Glenorchy Knights
- Full name: Glenorchy Knights Football Club
- Founded: 1957
- Ground: KGV Park
- Capacity: 2,000
- Chairman: Paul Woodham
- Manager: James Sherman
- League: NPL Tasmania
- 2025: 5th of 8
- Website: http://www.glenorchyknights.com/
| Home colours | Away colours |

= Glenorchy Knights FC =

Soccer club in Hobart, Tasmania, Australia

Glenorchy Knights Football Club is an Australian football club based in Glenorchy, Tasmania, 7km north of Hobart's CBD. Founded in 1957, the club competes in Australia's second-tier National Premier League, with matches played at KGV Park, a 2,000 capacity stadium.

==History==
The club was founded in 1957 as Glenorchy Croatia, and experienced almost immediate success, winning the state title for the first time in 1963. They experienced their best success in the 1970s, winning three titles, before having a league lull in the 1980s. However, re-branded as the Glenorchy Knights, they have slowly established a new sense of self, culminating in winning the State Championship for the first time in 13 years in 2005, and narrowly missing out on back to back state titles by losing a penalty shoot-out to Somerset in 2006. In 2010, Glenorchy Knights finished in 3rd Position in the Forestry Tasmania Southern Premier League.

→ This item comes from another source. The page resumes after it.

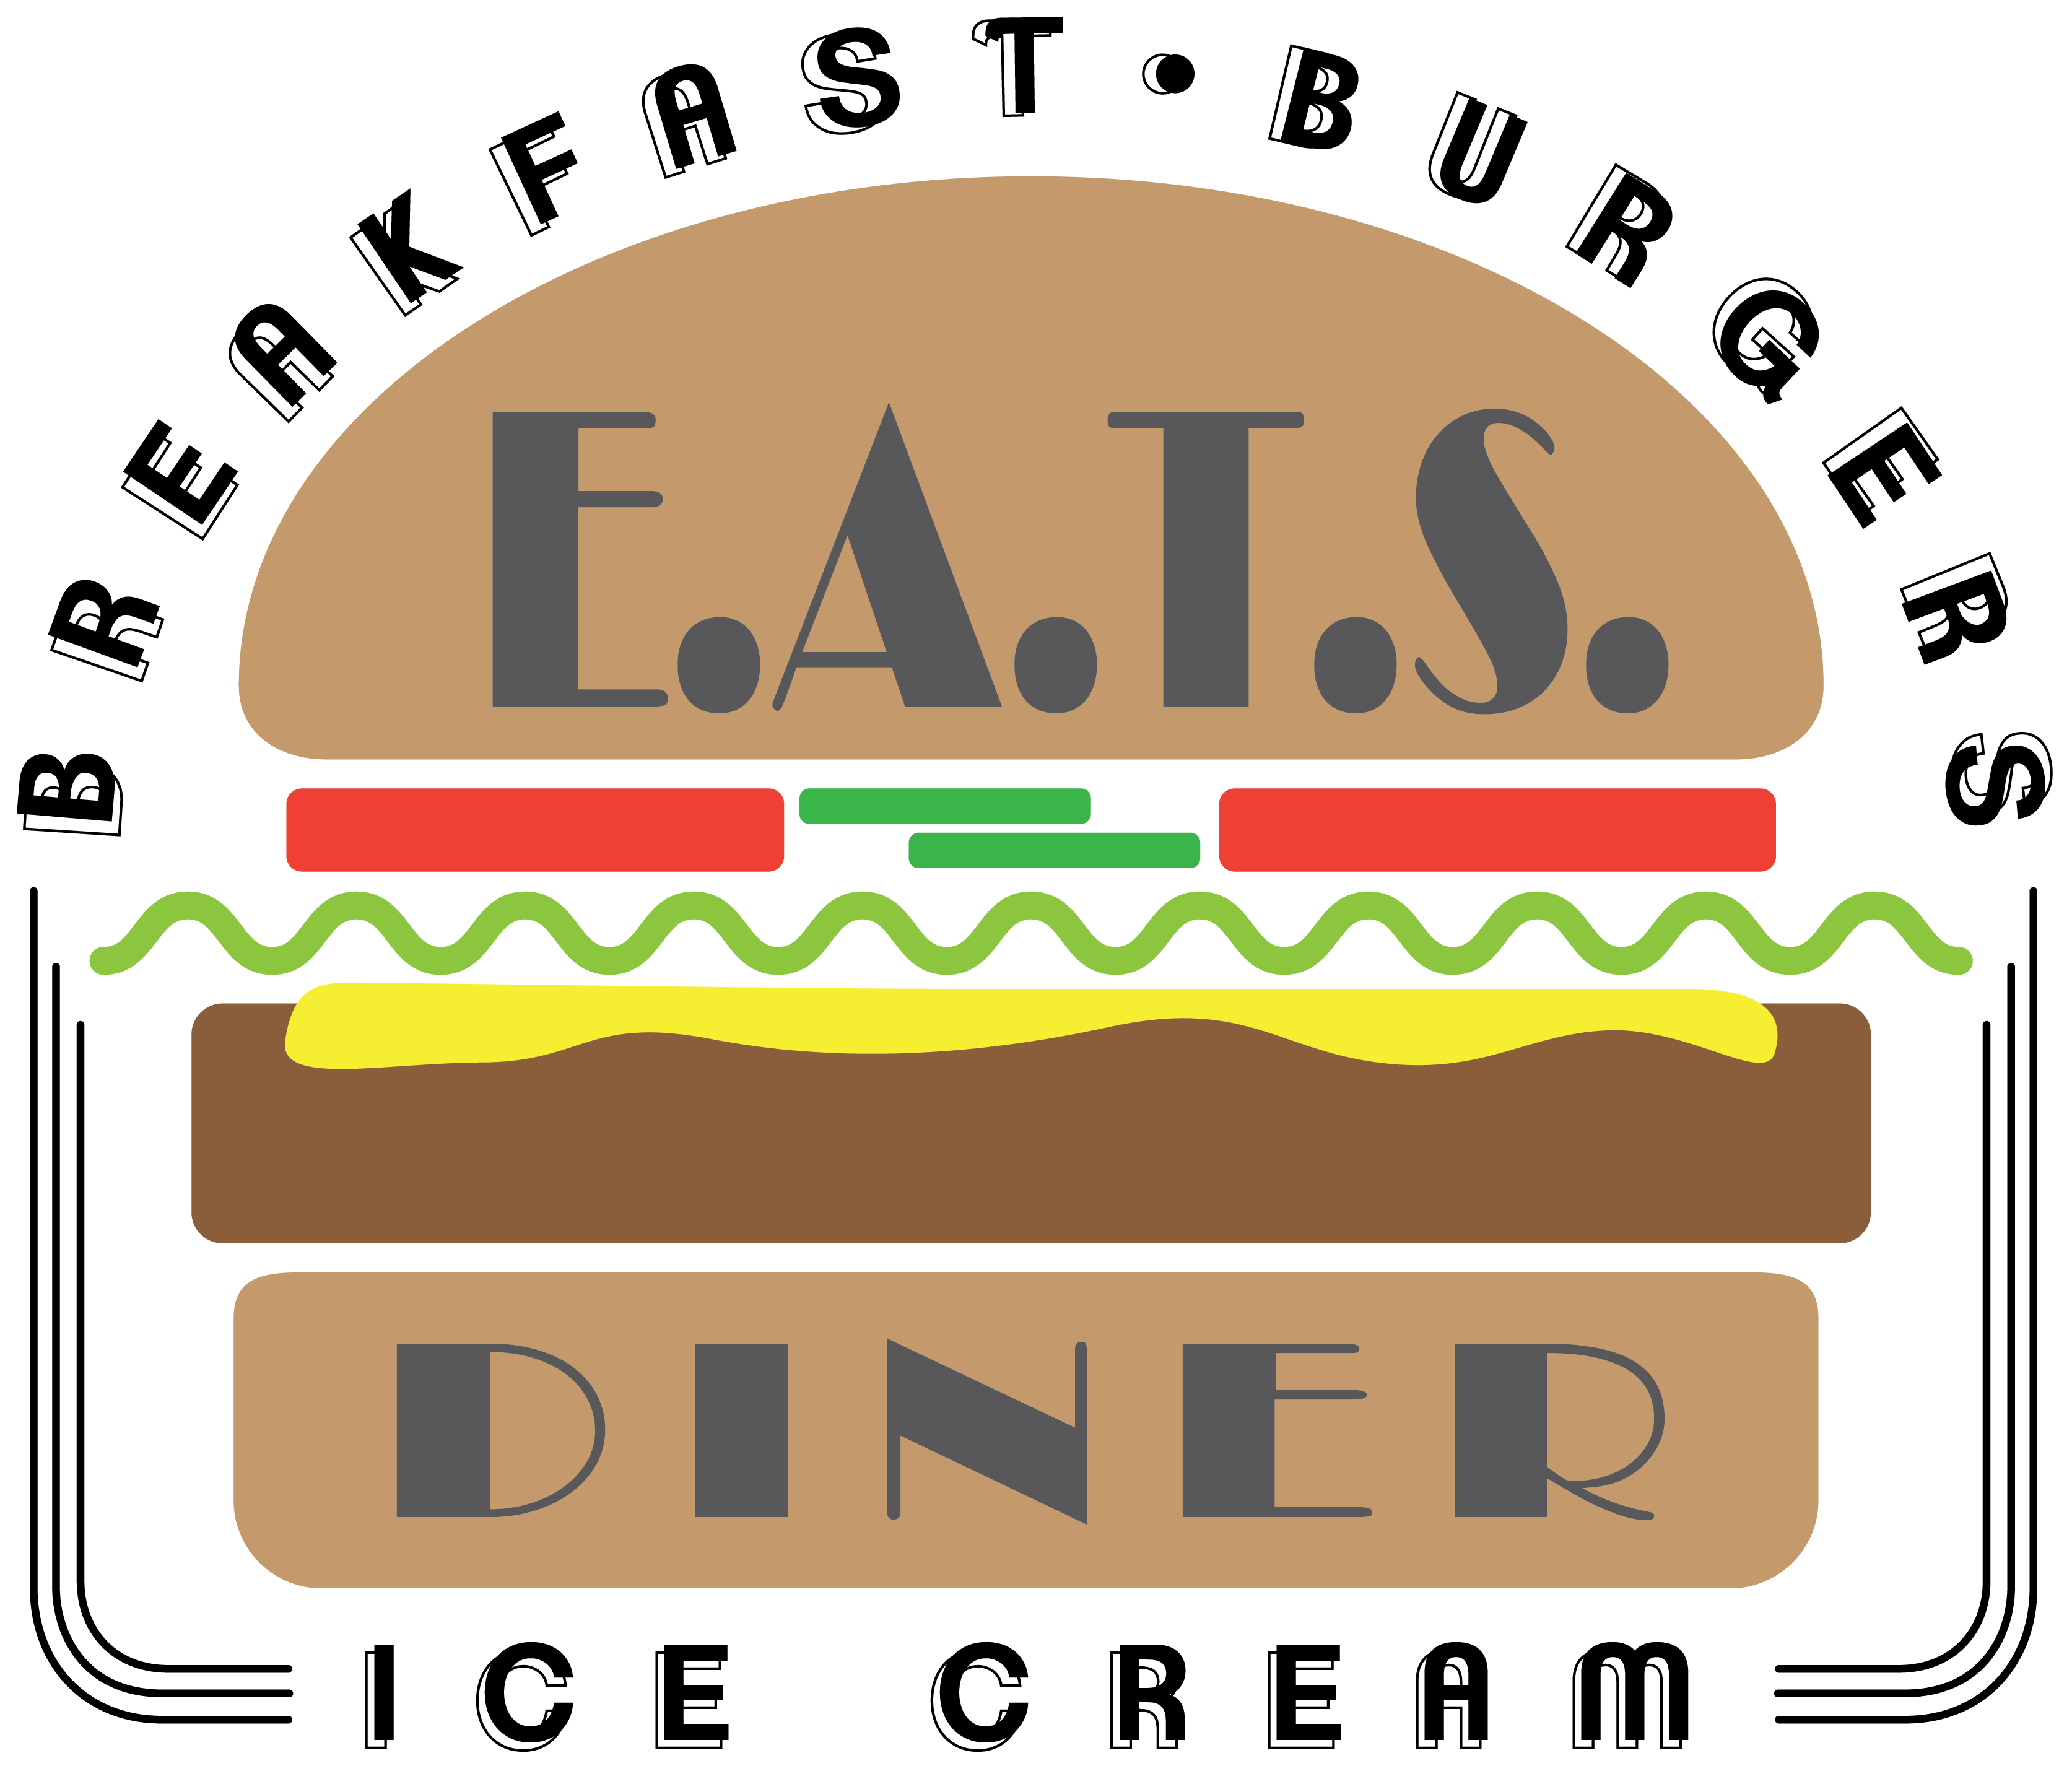 E.A.T.S Diner

In 2012 Glenorchy Knights were accepted with a license to participate in a new Tasmanian statewide league NPL Tasmania between 2012 and 2015.

In 2015 Glenorchy Knights were unsuccessful in their application to remain within the NPL Tasmania and returned to lower Southern Championship in 2016. The 2015 season was particularly poor for the Knights' first grade side, who won just two games all season and finished with a -133 goal difference.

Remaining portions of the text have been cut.